Data shown section start

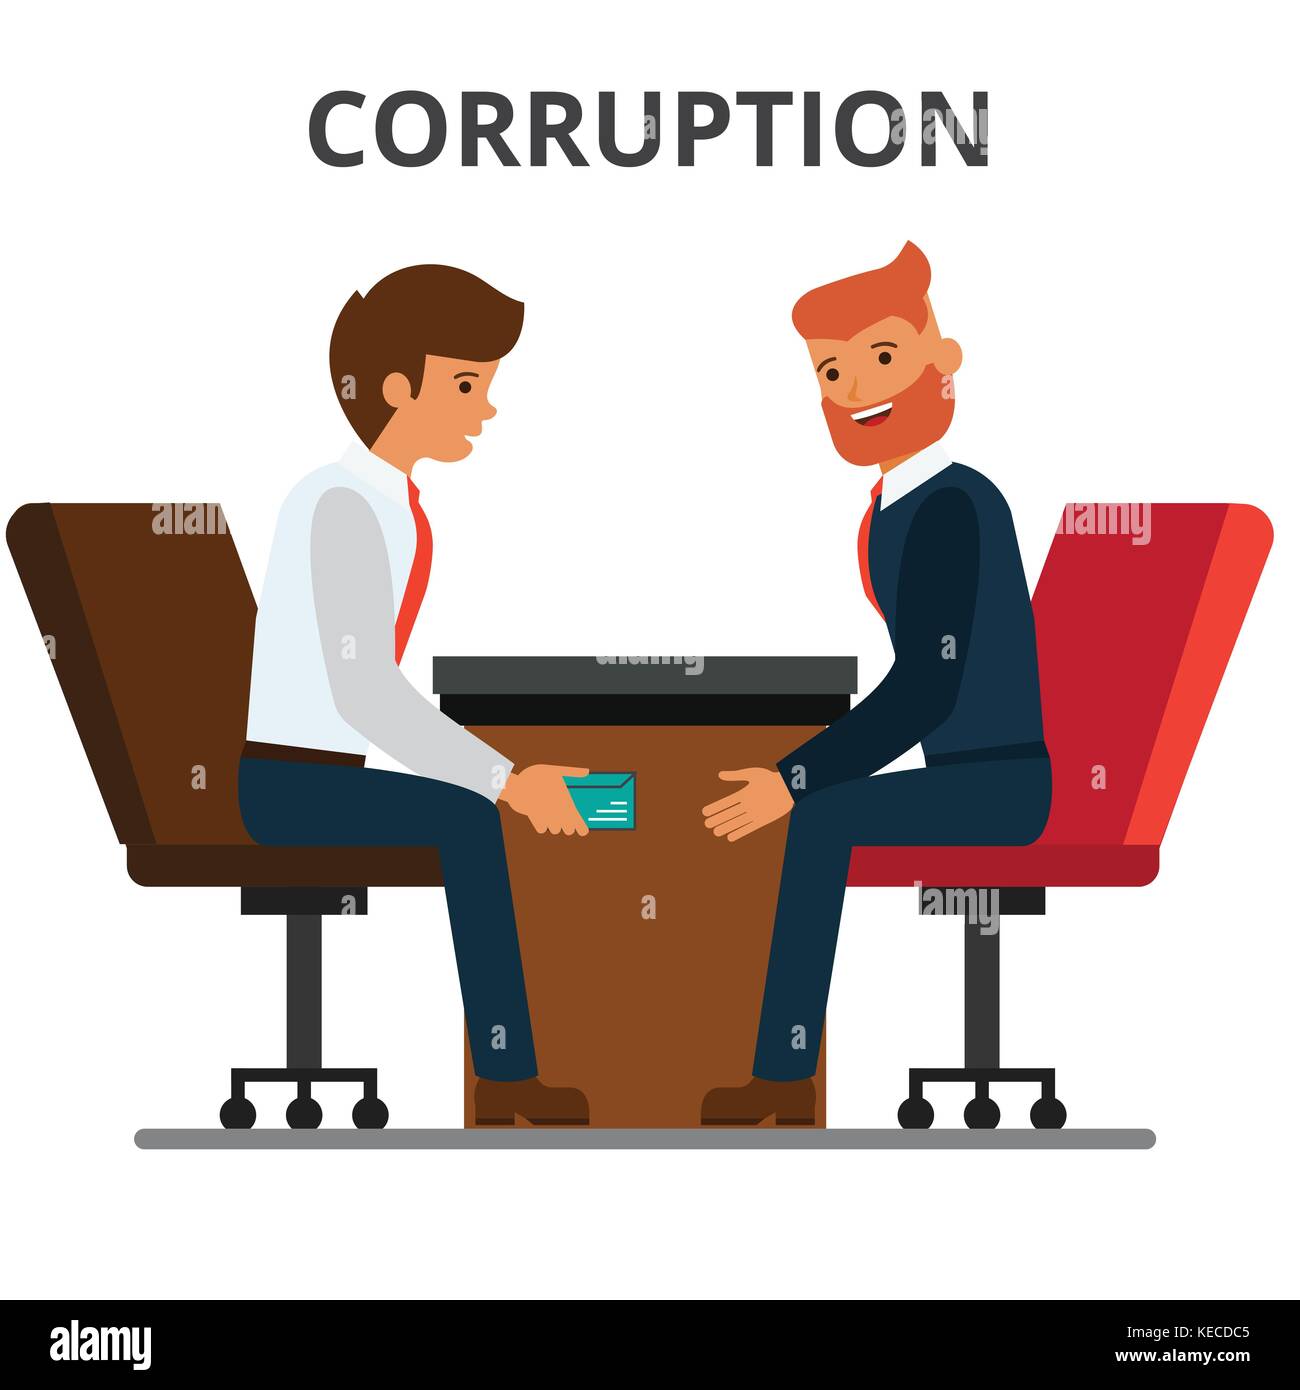 Corruption Illustration High Resolution Stock Photography and Images - Alamy
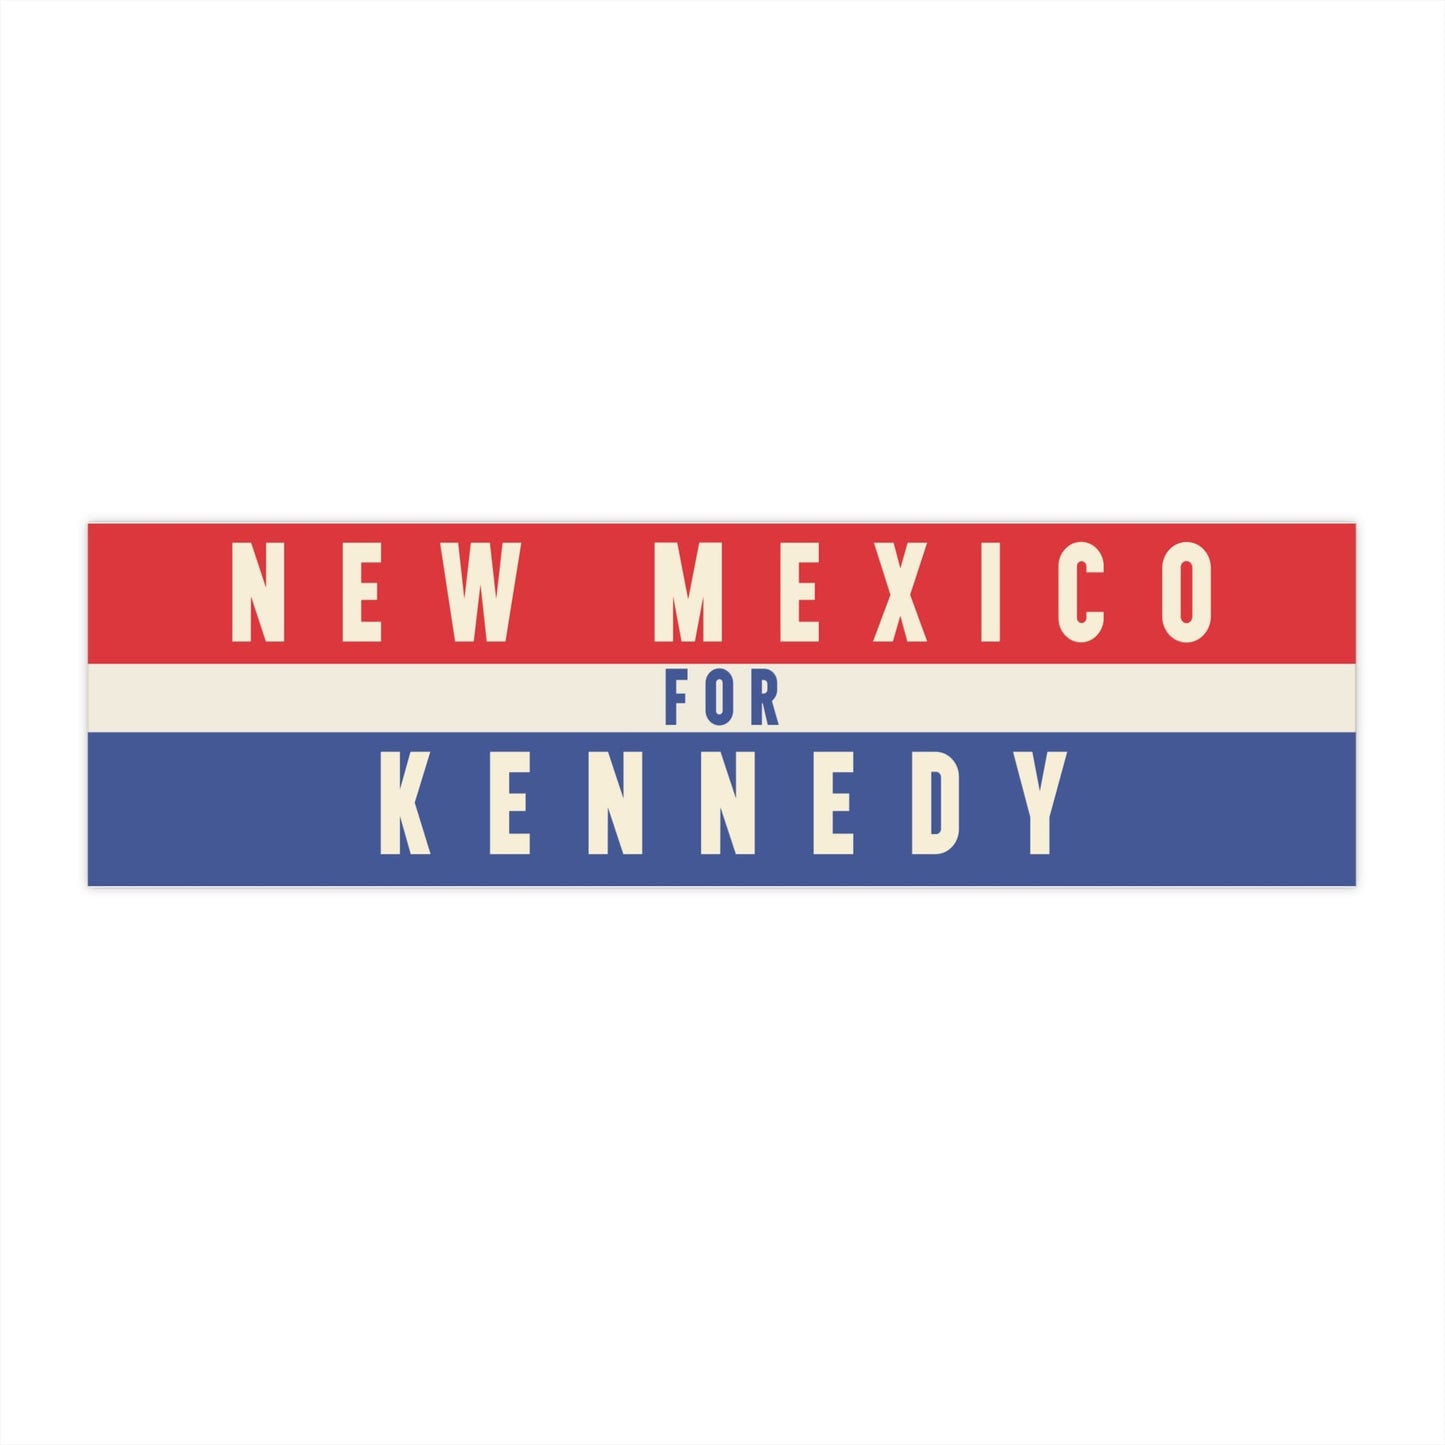 New Mexico for Kennedy Bumper Sticker - TEAM KENNEDY. All rights reserved
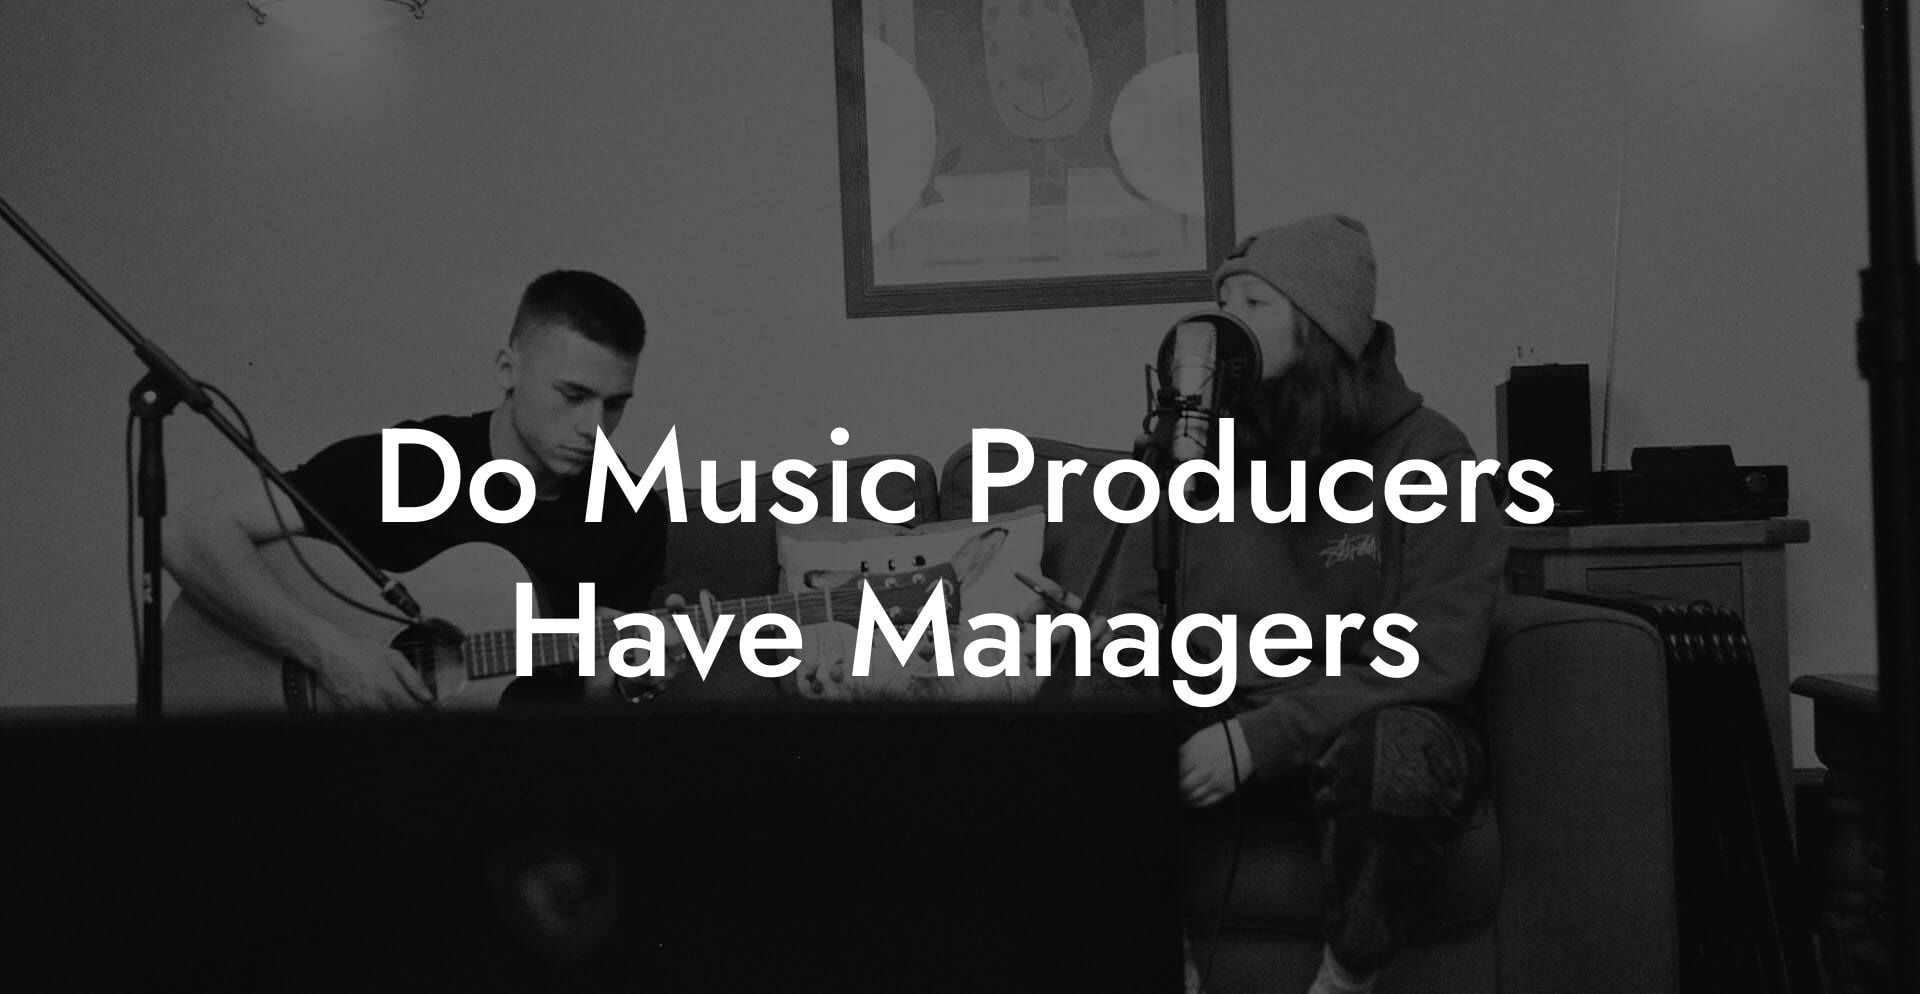 Do Music Producers Have Managers

Data shown section end

Without changing a word, transcribe all of the data and omit its images.

 Corruption Illustration High Resolution Stock Photography and Images - Alamy
 New Mexico for Kennedy Bumper Sticker - TEAM KENNEDY. All rights reserved
 Do Music Producers Have Managers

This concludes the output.